Korkularımdan kurtulmak çok zamanımı alabilirdi, çok uzun süre kıstırılmış, denetlenmiş, engellenmiş yaşayabilirdim…Ufacık bir kasabada doğdum, ufacık dünyaları olan ufacık insanların arasında ufacık düşlerimle yaşayıp gidebilirdim…Tam kendim olamadan bir başkası olmaya çabalar, ne kendim ne başkası olamadan yok olup gidebilirdim…Oysa şimdi bütün elbiselerimden kurtulmuş cama vuran yağmur damlalarının tınısında içsesimin bana söylediği hiç duyulmamış aryaları dinliyorum…Nasıl da dingin ruhum bir ilkbahar rüzgarı gibi…Nasıl da kolay oldu bedenimi baskılayan her şeyi atıvermek, olanca çıplaklığımla sundum kendimi çamura, mermere, toza, suya ellere…Her şeyi yapabilecek kadar güçlü, hiçbir şeyi yıkmadan etrafında dans edebilecek kadar zarif ve duyarlıyım…

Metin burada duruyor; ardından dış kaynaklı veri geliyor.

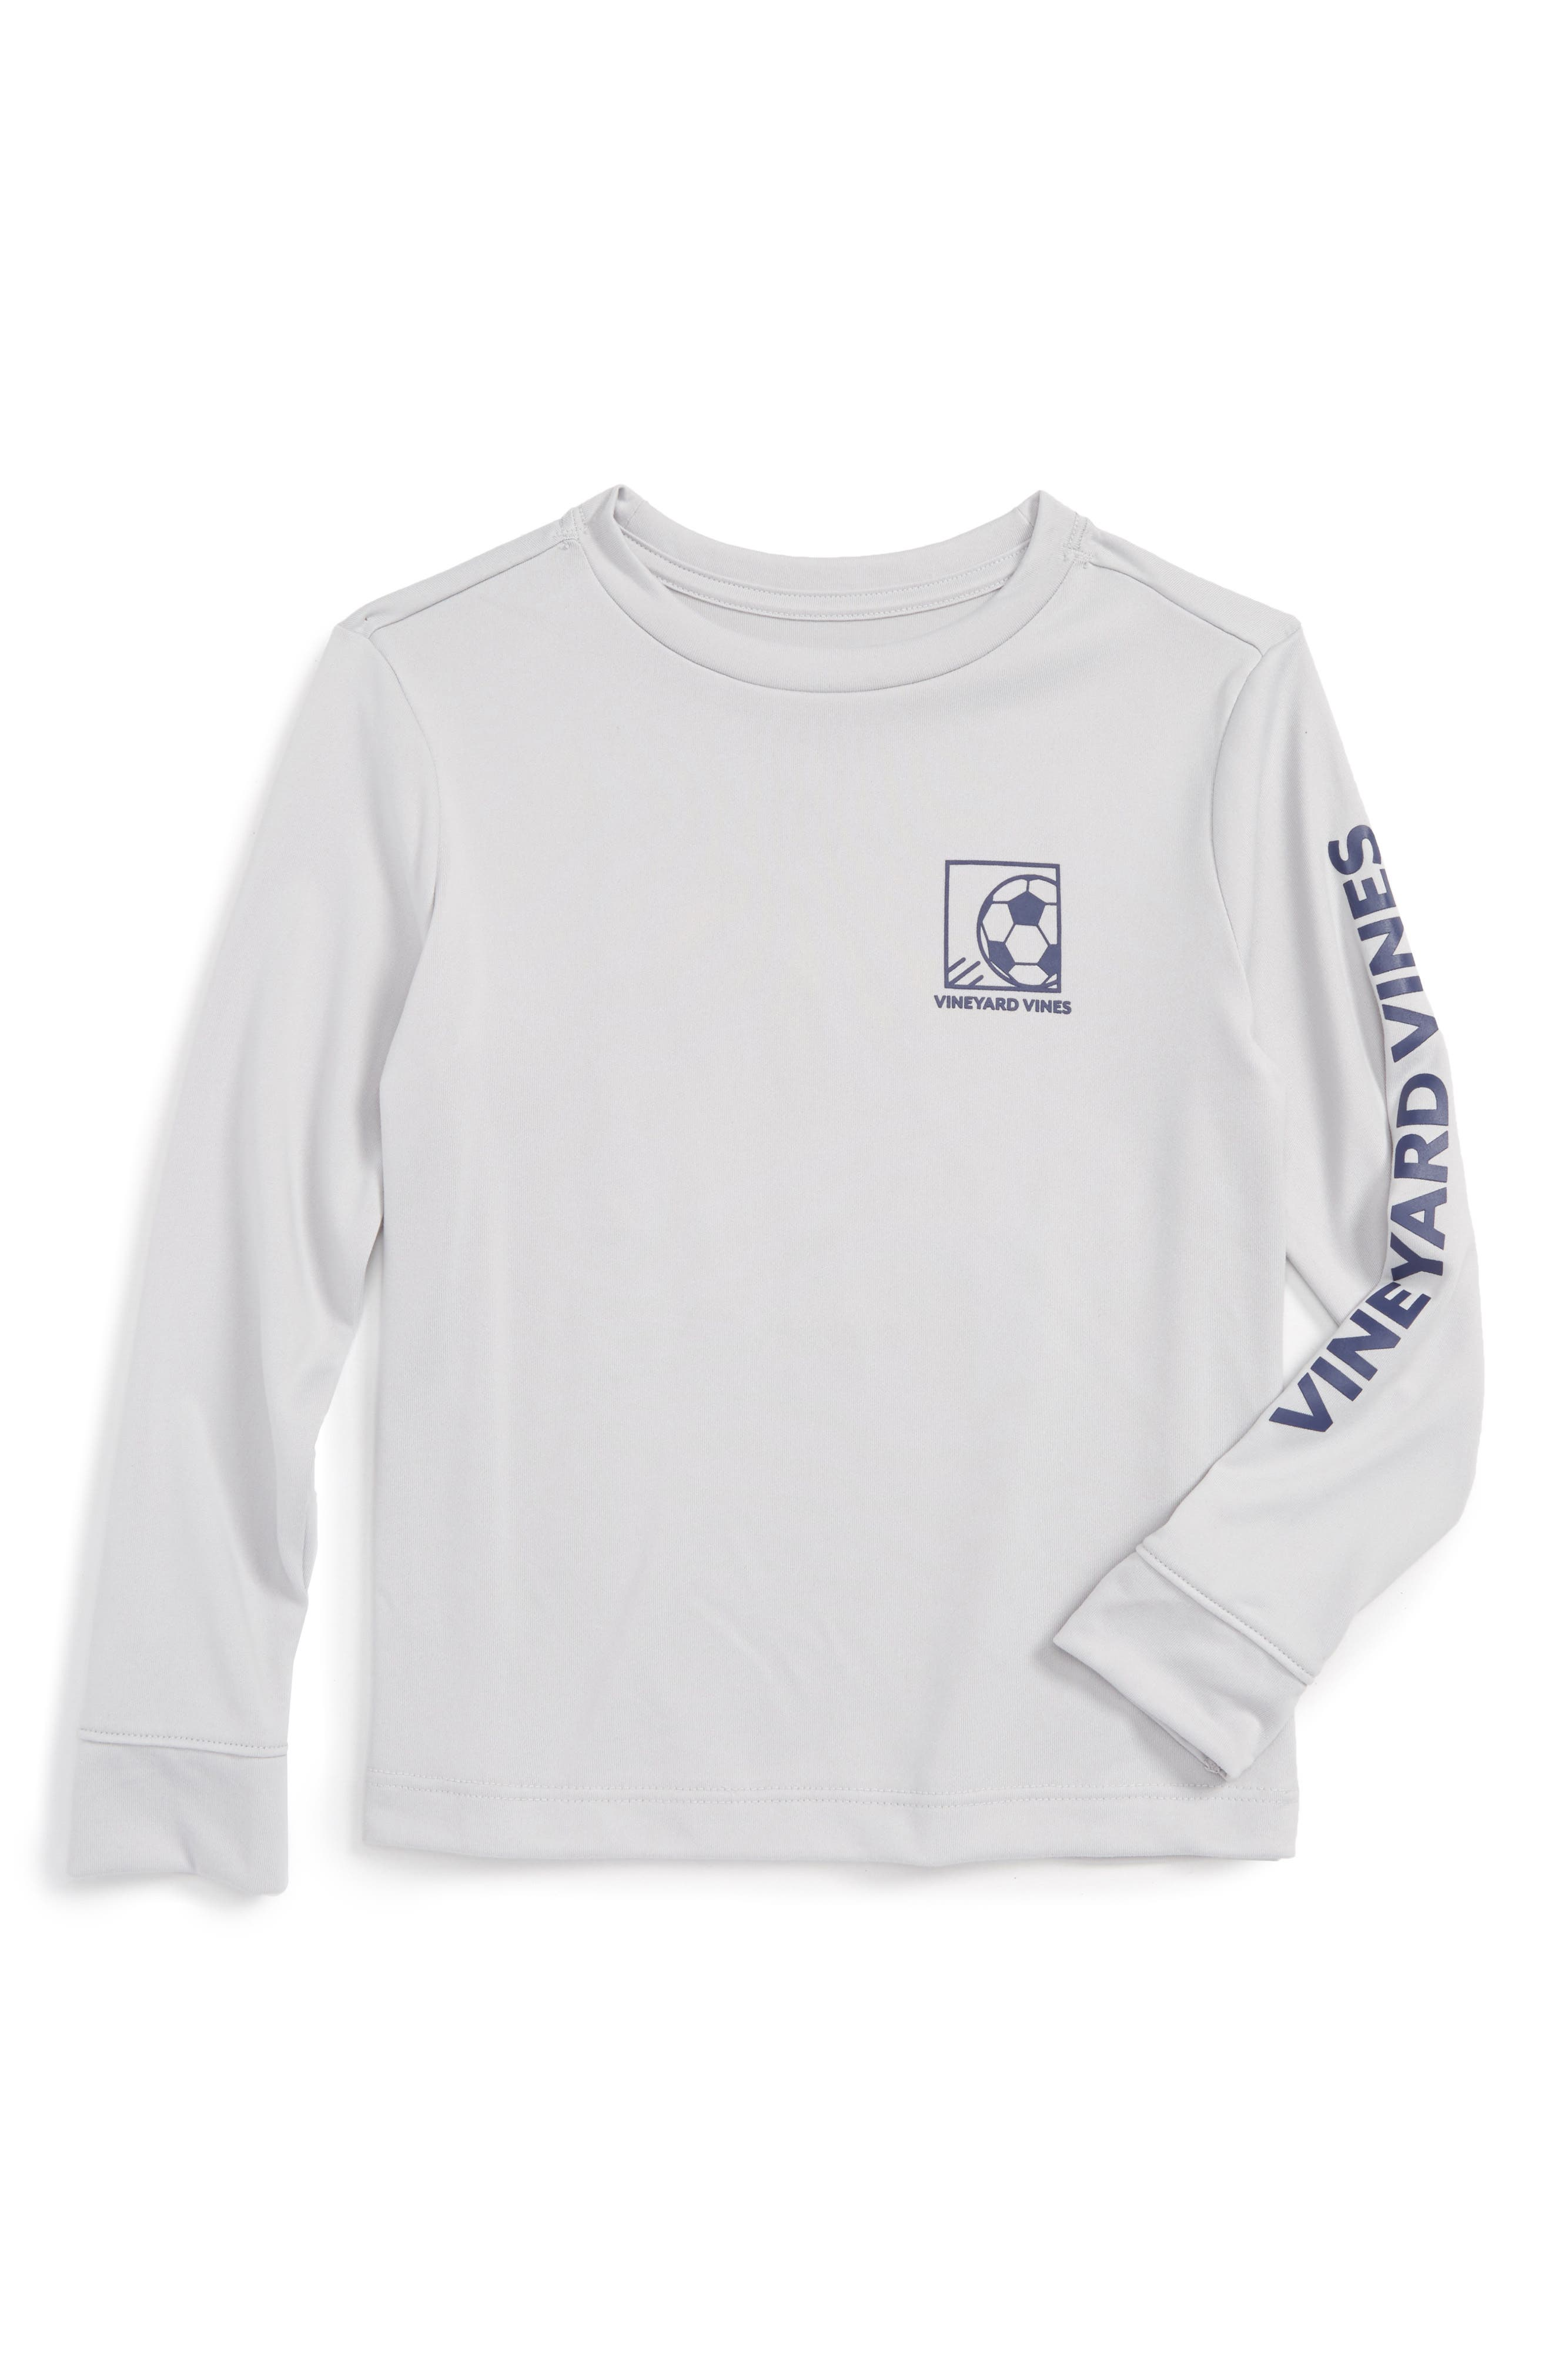 VINEYARD VINES,                             Soccer Box Performance T-Shirt,                             Alternate thumbnail 2, color,                             062

-Böyle mi hissettin diye sordu Psikiyatr genç kıza …
-Evet poz verirken bunları hissettim ve o Majör depresyon mu nedir ruhumu kaplayan karanlık yok oldu.
-Beni dinleseler psikiyatrlar aç kalır diye kıkırdadı içses…
Sergide
-Sayende mi demeliyim sergi çok beğenildi…
-Sayende canım…Sen ve ben biriz
-Sevdim bunu görün bana artık o zaman…Görün ve soyun seninde heykelini yapayım…
-Seni seni…
-Bengisu hiç normal bir heykel yapmayacak mı hanım ?...Hep çıplak kadınlar, adamlar…Eşi dostu çağırıp şöyle göğsümü gere gere övünemiyorum.
-Ben ne zaman evlenecek onu merak ediyorum…
-Ha bak o da var…
YORUMLAR
Güzel bir masal okudum kaleminizden...Hani Yunus'un dediği gibi ''Bir ben vardır bende benden içeri''....İç sesimiz son nefese kadar bizimle birlikte...Onu duyarız hep...düşündürdü gerçekten.Sonuna kadar okumam için iç sesim ikaz etti diyebilirim...:))Saygılarım sonsuz...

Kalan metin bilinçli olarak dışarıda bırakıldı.